It is that time of year again, when my class studies poetry and I find myself thinking, dreaming, and wondering about the human condition and what makes it so real. Now I recognize that this can be a dangerous line of thought without a beret and a drum and a lot of coffee, but it happens anyway.
My class learns about Walt Whitman, Emily Dickenson, Langston Hughes, Robert Frost, William Carlos Williams, Naomi Shallob Nye and Maya Angelou. We talk about imagery, Metaphor, Simile, Rhythm and the emotion that makes the abstract painting that is poetry. A lot of kids fall asleep. But here are some, each time who sit a bit straighter and their eyes grow wide and shining and I find myself pretending that I am talking only to them.
When I am lost in their gazes I believe that poetry is not dead and that there will be music forever. Those are the children I teach for. There are fewer of them, but they are there.
Today we talked about Langston Hughes and I let the students in on my strange fascination with voices. We all have qualities that we focus on in other people, attractants of sorts. It is not a sexual thing, though it is sensual and it part of how we perceive people. Some people focus on warm smiles, or expressive eyes or graceful hands. My thing is voices.

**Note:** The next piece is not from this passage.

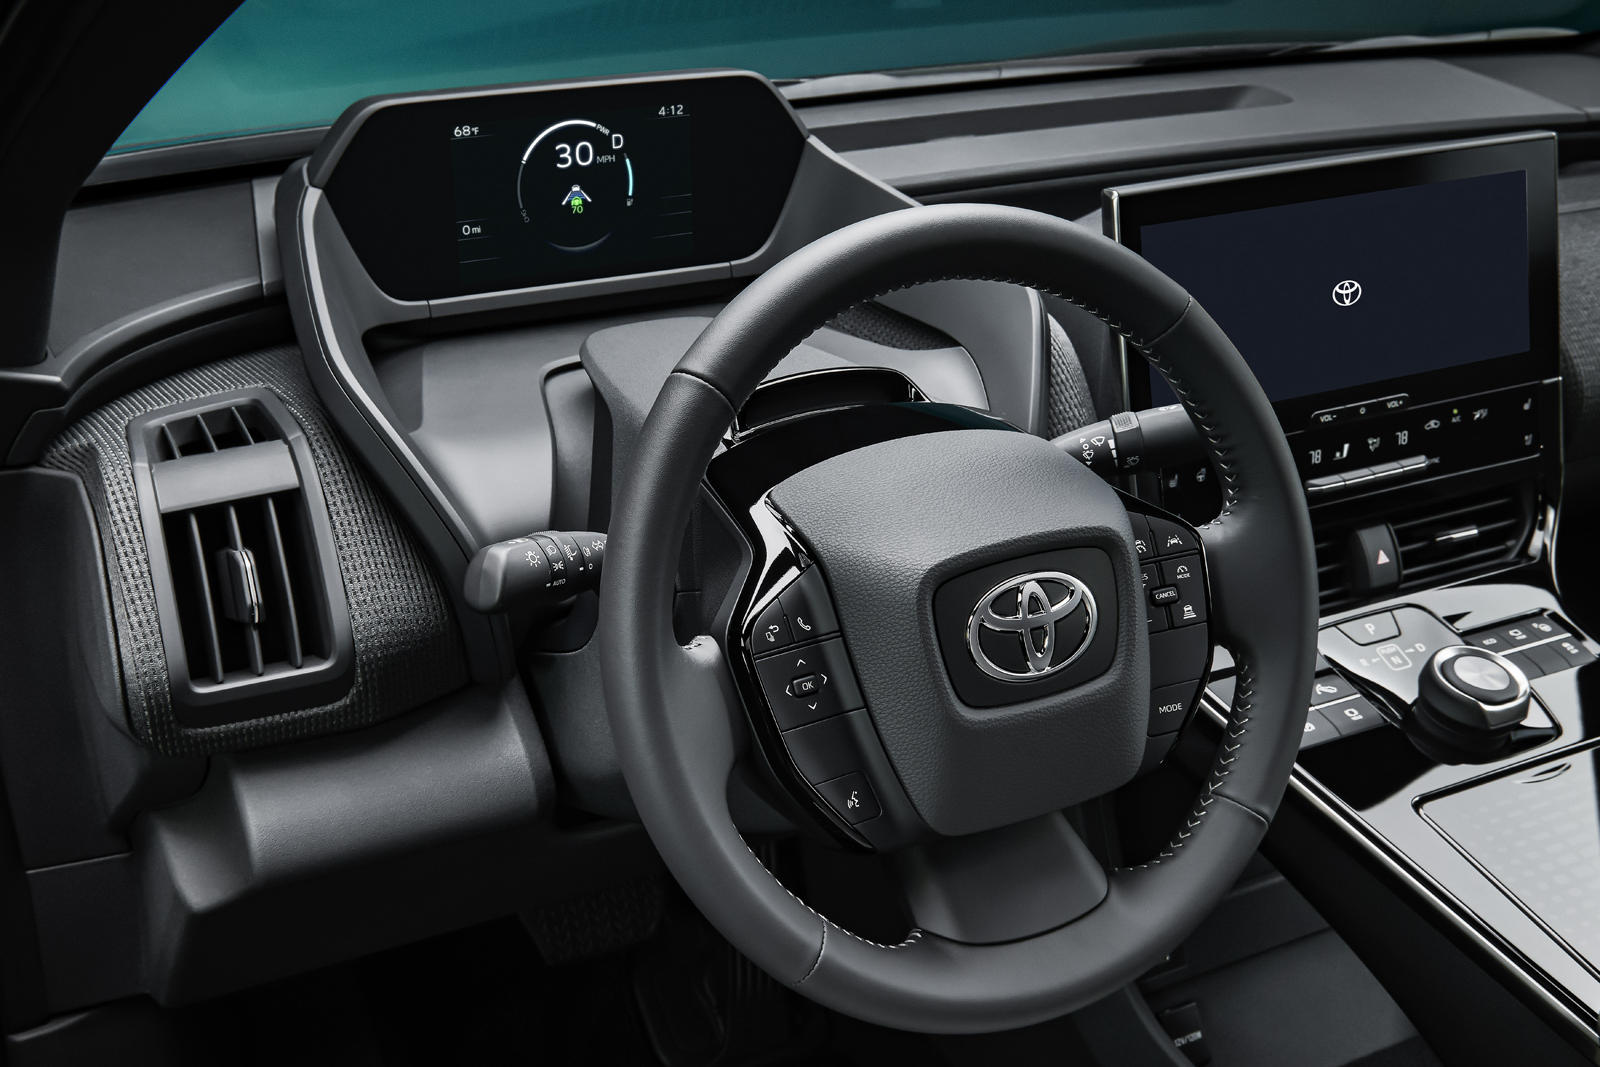 Следующий большой скачок Toyota в области широкомасштабной электрификации автомобилей начался. Представляем концепт Toyota bZ4X, полностью электрический внедорожник с аккумулятором, который является первым из новой линейки BEV под новым брендом «bZ»

I could spend days in a room with just James Earl Jones voice, Sean Connery’s voice, Kathleen Turner’s voice, Glen Close’s voice. Sometimes it is a particular quality that I can name, deep tones, rich, resonant, and sometimes I don’t know why I like it, I just do. There are voices that have become comforting to me. Family members, good friends, and even a couple of students who had voices that really resonated with me (no pun intended). In that case the relationship, the personality, the other things influenced my perception of the voice, but either way, the memory of the voice becomes cherished to me.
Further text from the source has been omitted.